For the production of pastes, the particle size of the additives is preferably chosen between 1 and 200 μm. Preferably, the particle size is between 1 and 90 μm, which has the advantage that when used in coatings, efficient absorption and transparency of laser light can be obtained. For the production of latex, this particle size is preferably between 50 nm and 2 μm, more preferably between 100 nm and 500 nm, making it suitable for use in thin layers. Pastes and latices are suitable for the application of especially aqueous coatings on all surfaces to which they adhere with sufficient force for the intended application. The pastes and latexes according to the invention have been found to adhere particularly well to paper and plastics. In this way, a laser-printable surface can be obtained, for example in a printer provided with a laser having a suitable wavelength without toner, to obtain high-contrast colorfast graphics, such as text or pictures. This fastness provides a major advantage over current paper and printing device combinations. Another advantage, in particular of paper which has been provided with a layer of the paste or latex according to the invention described as being aqueous, is that the paper can be reused in water-based systems. Latex is preferably used as a coating for paper. As a coating of plastic objects, such as dashboard foils, application pastes are preferred.

Another application of the additive according to the invention is obtained by cryogenically grinding the masterbatch of the additive according to the invention in a third polymer, for example, into particles with a size between 100 μm and 1 mm, preferably between 150 and 500 μm the appropriate form. In this form, the additives according to the invention can be mixed into non-melt-processible polymers, such as matrix polymers or crosslinked polymers which degrade near their melting point or have a very high degree of crystallinity.
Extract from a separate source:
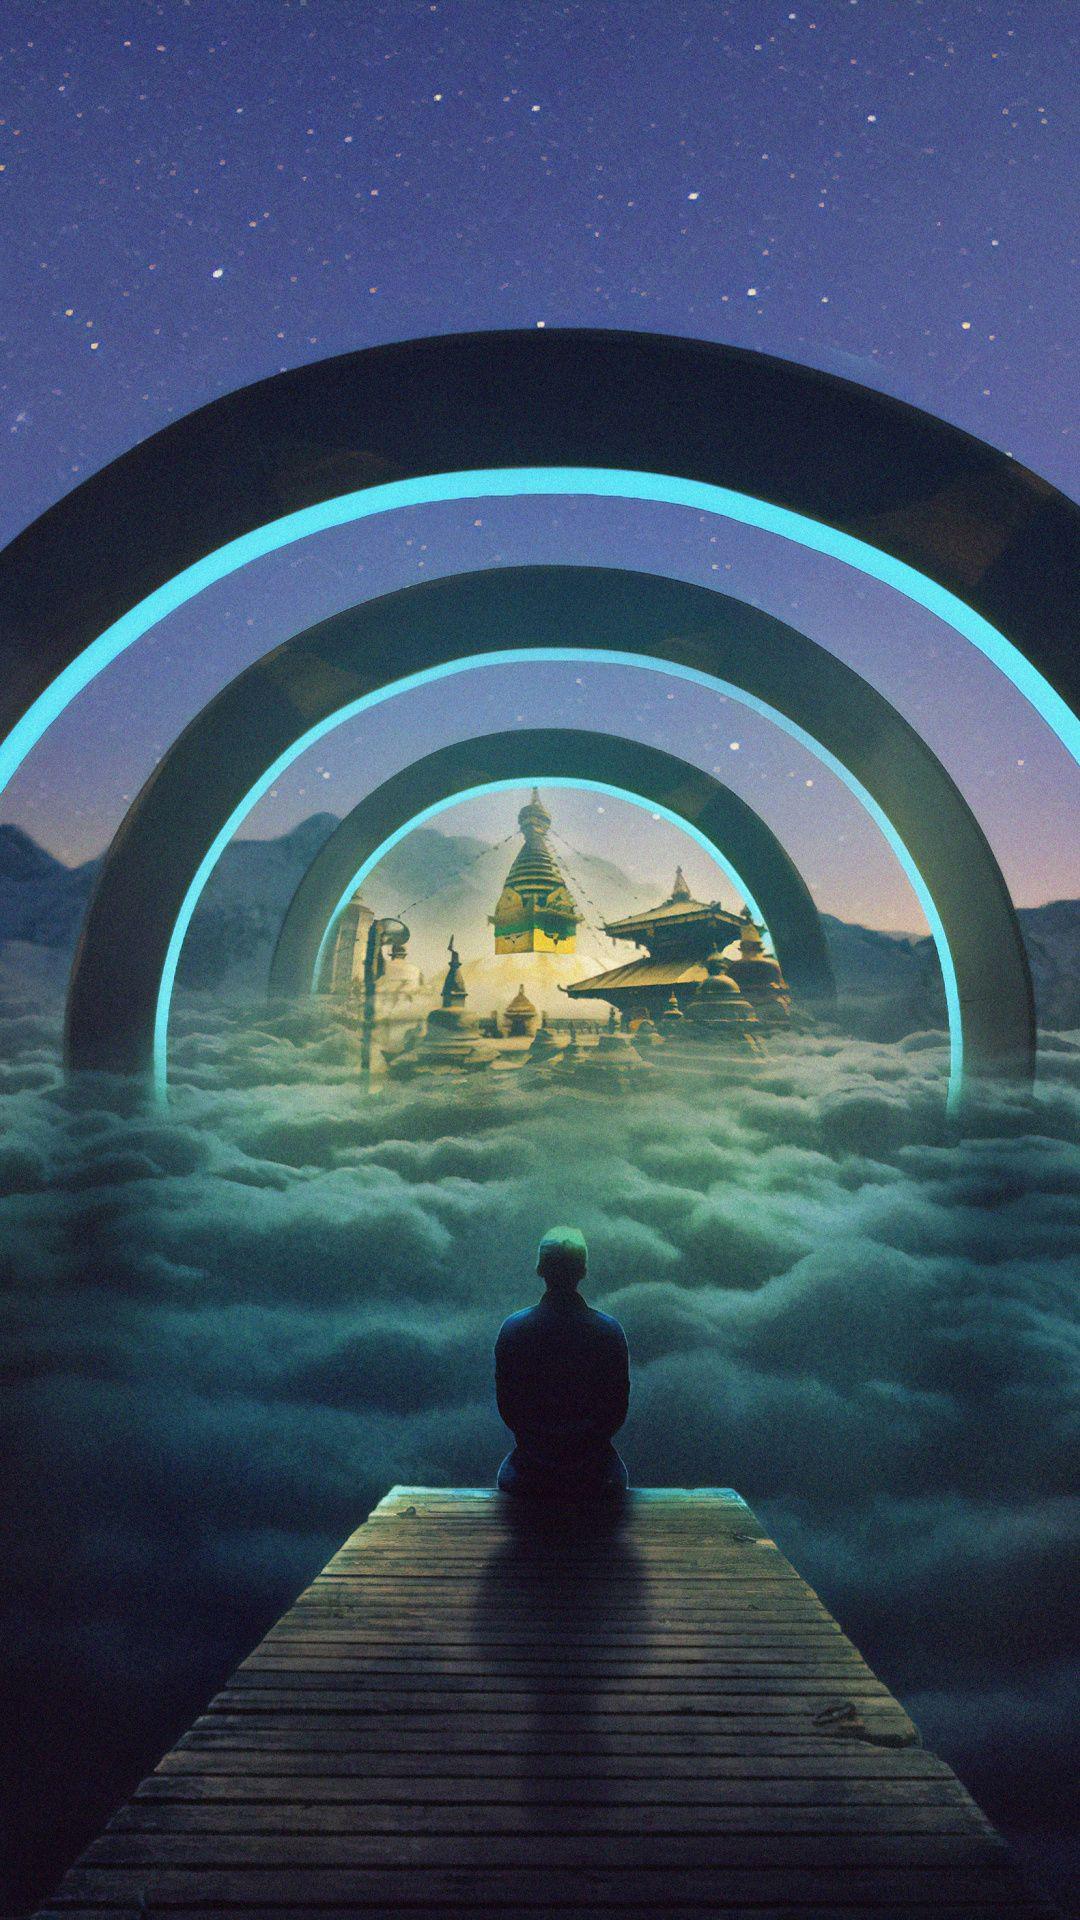 1080x1920 Man Outdoor Night Fantasy Art Wallpaper Fantasy Landscape Fantastic Art Futuristic Art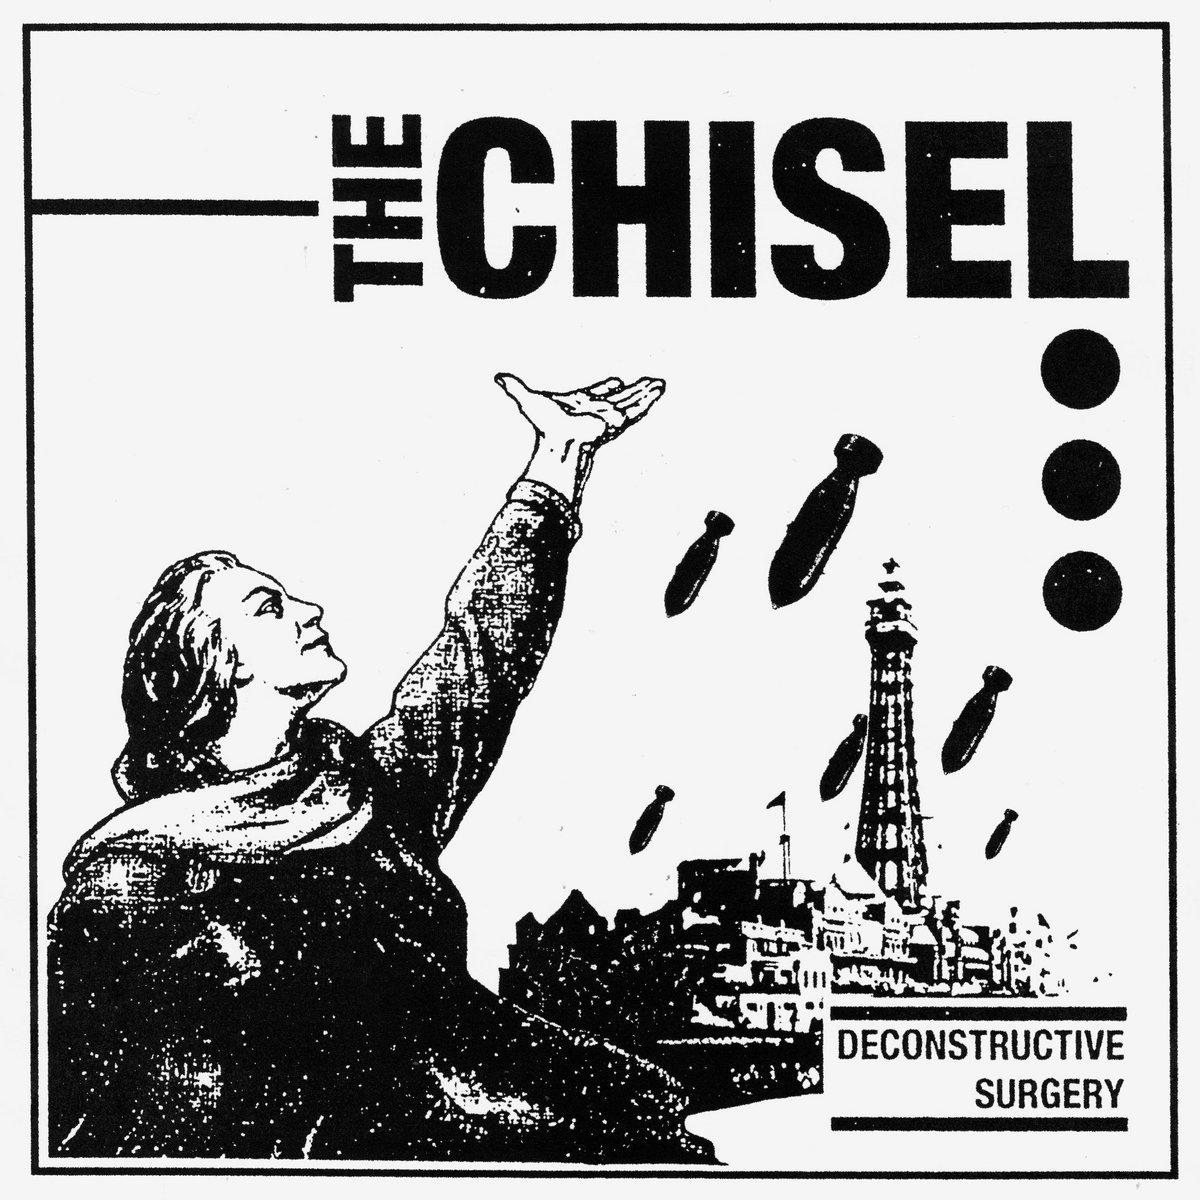 The Chisel - Deconstructive Surgery 7

Examples of such matrix polymers are ultrahigh molecular weight polyethylene (UHMWPE), polypropylene oxide (PPO), fluoropolymers such as polytetrafluoroethylene (Teflon), and thermosetting plastics.

The present invention is illustrated based on the following examples.

The following materials were used in the examples and comparative experiments:

As first polymer:

P1-1. Polyamide K122 (DSM)

P1-2. Polycarbonate Xantar(R) R19 (DSM)

P1-3. Polybutylene terephthalate 1060 (DSM)

As a second polymer:

P2-1. Exact(R) polyethylene (DEXPlastomers), grafted with 1.1 wt% MA

P2-2. Fusabond(R) MO525D polyethylene (Dupont), grafted with 0.9 wt% MA

As a third polymer:

P3-1.Exact 0230(R) polyethylene (DEXPlastomers),

P3-2. Propylene-ethylene random copolymer RA112MN40 (DSM)

as absorbent

A-1. Antimony trioxide (Campine) with _{a D50} of 1 μm

A-2. Titanium dioxide

A-3. Macrolex(R) blue/purple

As base polymer:

M-1. Polyamide K122 (DSM)

M-2. Polypropylene homopolymer 112MN40 (DSM)

M-3. Arnitel® EM 400 (DSM)

M-4. Exact(R) 8201 Polyethylene (DSM)

M-5. Sarlink(R) 6135N (DSM)

M-6. Polybutylene terephthalate 1060 (DSM)

M-7.KE 9611U silicone rubber (ShinEtsu)

M-8. UVTRONIC(R) Acrylate Resin (SIPCA)

Examples I-VIII

Using a twin-screw extruder (ZSK 30 from Werner & Pfleiderer), master batches MB1 to MB15 of various additives according to the invention in a third polymer were produced. The absorbent, first and second polymers used in the additive, and the third polymer used and their respective weight percents are shown in Table 1, as are the size and size of the additive particles formed in the masterbatch. Absorbent content.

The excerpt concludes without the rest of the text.